The Nifty .22-250 Remington

By Chuck Hawks

.22-250 Remington
Illustration courtesy of Hornady Mfg. Co.

The .22-250 Remington is perhaps the best of the large capacity .22 varmint cartridges. Developed during the 1930's as a wildcat, it is based on the .250 Savage case necked down to accept standard .224" bullets. It became known as the .22 Varminter after that name was trademarked by Jerry E. Geddy, one of the early experimenters with the cartridge. The .22-250 Varminter was probably the most popular wildcat cartridge ever devised. It has proven to be an excellent round for use on game weighing less than 50 pounds.

In the early 1960's, while it was still a wildcat, Browning started chambering their bolt action rifle for the Varminter. In 1965 Remington legitimized the wildcat by adopting it as the .22-250 Remington. It has become a very popular varmint cartridge, and outsells all the other big .22's, including the .220 Swift, .225 Win., .223 WSSM, and .224 Weatherby. It is about the ninth best selling CF rifle cartridge in the U.S. on most sales lists. It is popular on a world-wide basis, and .22-250 ammunition is loaded in Europe, Australia, and Africa as well as in North America.

All of the big .22's mentioned in the paragraph above have fairly similar performance. Rifles for the .22-250 usually have 1-14" twist barrels and can stabilize bullets as heavy as 70 grains (SD .199), depending on shape and velocity. The .22-250 has a reputation for excellent accuracy, long case life, and being easy to reload. Its popularity with reloaders is probably what gives the .22-250 the edge in sales.

The .22-250 case, as standardzed by Remington, is a conventional rimless, bottleneck case with average body taper. It has a standard .473" rim diameter, a .467" head diameter, a 28 degree shoulder, and a 1.912" case length. The Varminter uses standard .224" diameter bullets and large rifle primers. The maximum cartridge overall length is 2.35".

The Hodgdon Data Manual, 26th Edition shows that 35.0 grains of H380 powder can drive a 50 grain bullet to a MV of 3499 fps, and 38.0 grains of their H380 powder will drive a 50 grain bullet to a MV of 3719 fps. The pressure of the latter load was measured at 48,900 cup in Hodgdon's 26" test barrel.

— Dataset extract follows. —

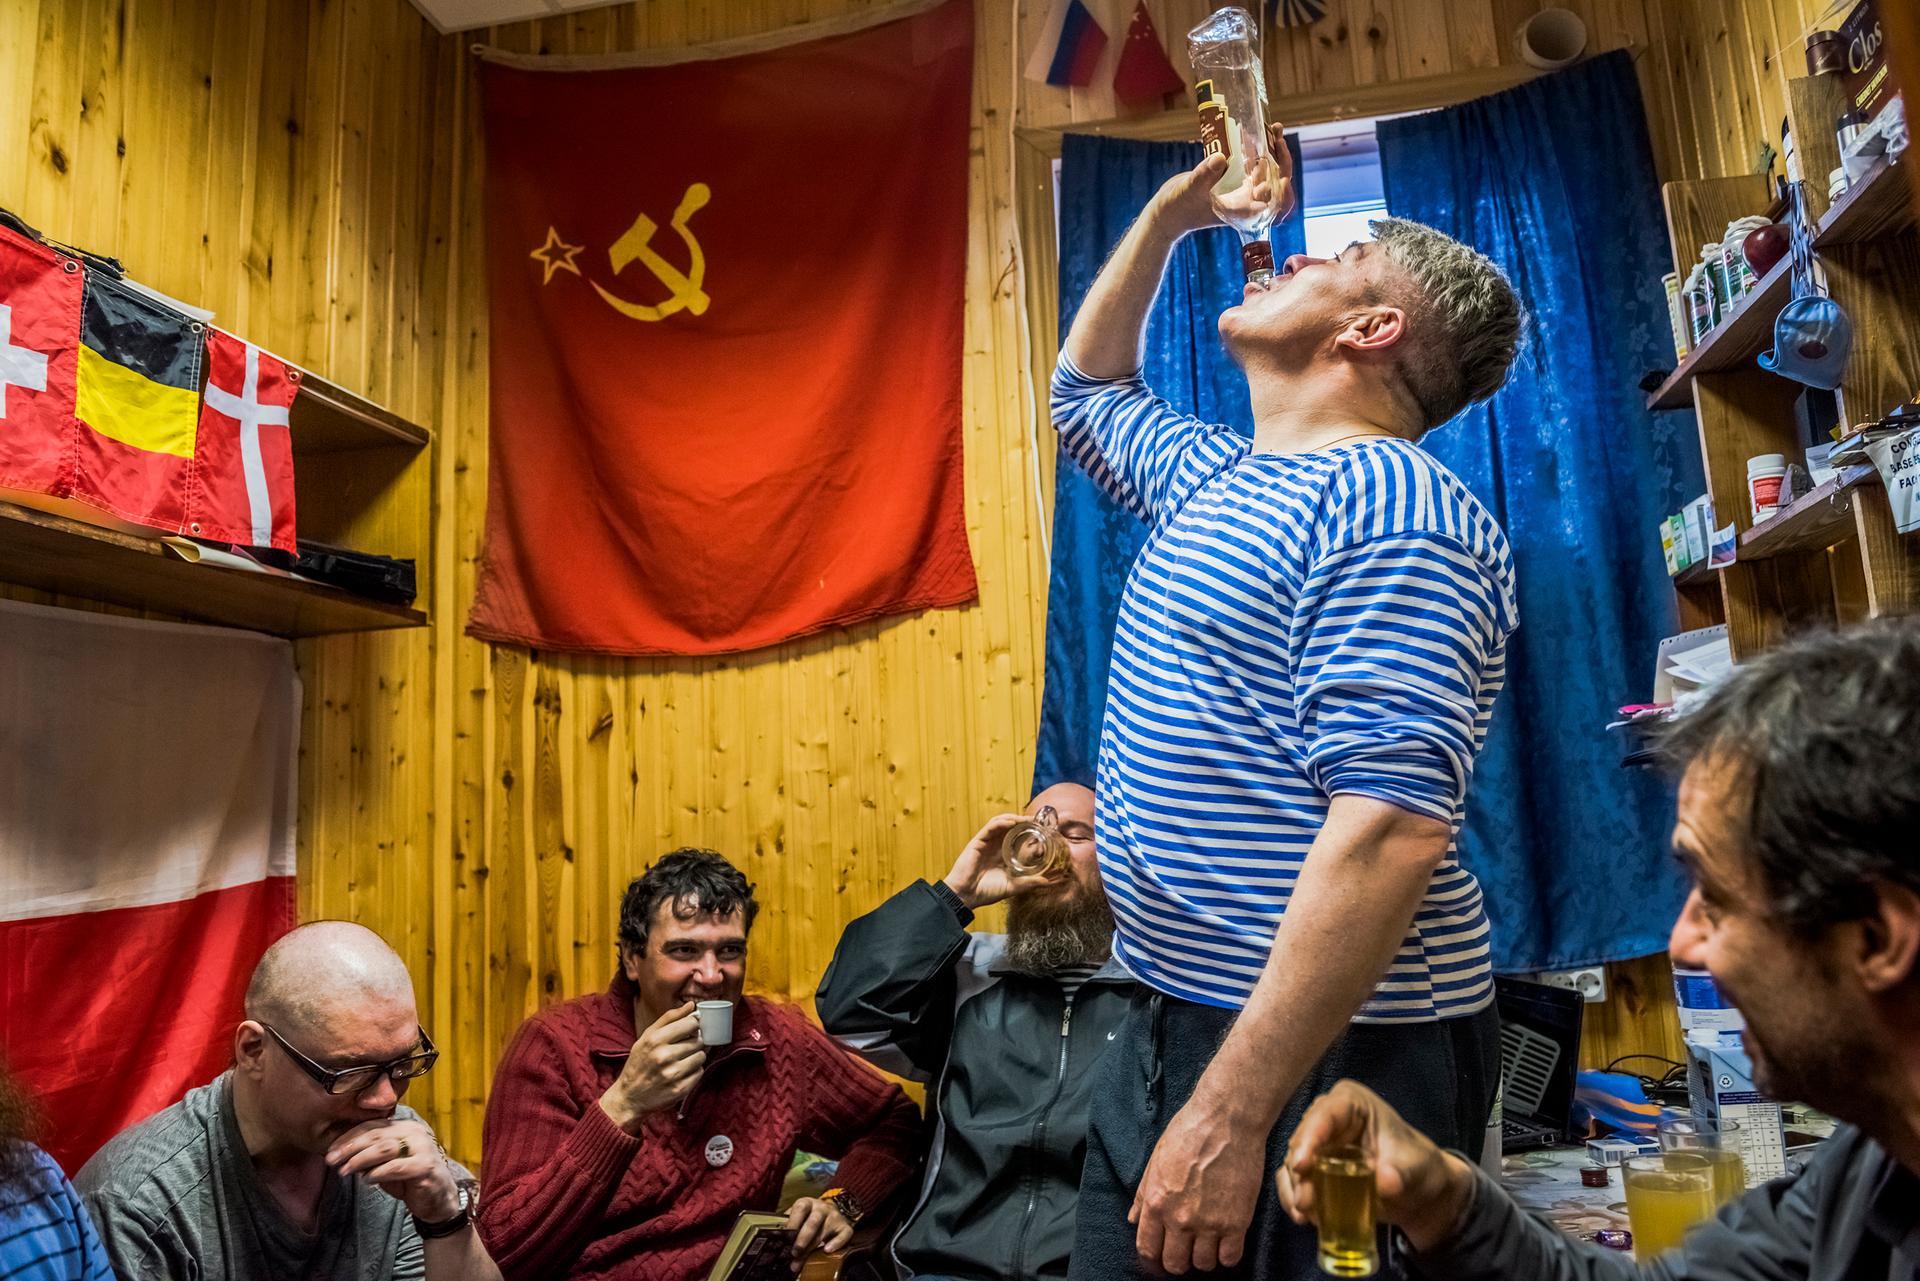 The winter expedition crew of Russian research team and a Chilean scientist drink Samagon, a homemade vodka, in a bedroom of the Bellingshausen Antarctica base; Fildes Bay, Antartica, 28 November 2015.

A 55 grain bullet, perhaps the optimum weight for the .22-250 cartridge, can be driven at a MV of 3416 fps by 34.5 grains of H380, and a MV of 3654 fps with a maximum load of 37.0 grains of H380. Hodgdon measured the pressure of the maximum load at 50,400 cop. 32.0 grains of IMR 4064 is good for a MV of 3380 fps, and 34.0 grains of IMR 4064 is good for a MV of 3540 fps, also with a 55 grain bullet. The pressure of the latter load is 50,200 cup.

As factory loaded, the Varminter drives a 55 grain spitzer bullet (SD .157, BC about .255) at 3,680 fps with 1,654 ft. lbs. of energy. At 300 yards the velocity is 2,222 fps and the energy is 603 ft. lbs. The free recoil energy in an 8.5 pound varmint rifle is only about 4.7 ft. lbs.

The maximum point blank range (+/- 1.5") for a typical 55 grain spitzer bullet at a MV of 3600 fps is 254 yards. The trajectory of that load looks like this: +1.3" at 100 yards, +1.5" at 135 yards, +0.6" at 200 yards, -1.5" at 254 yards.

The .22-250 is an excellent 250+ yard varmint cartridge--if the wind is not blowing. For the weakness of all the .22 varmint cartridges for long range shooting is the excessive wind drift to which their light, relatively short, bullets are subject.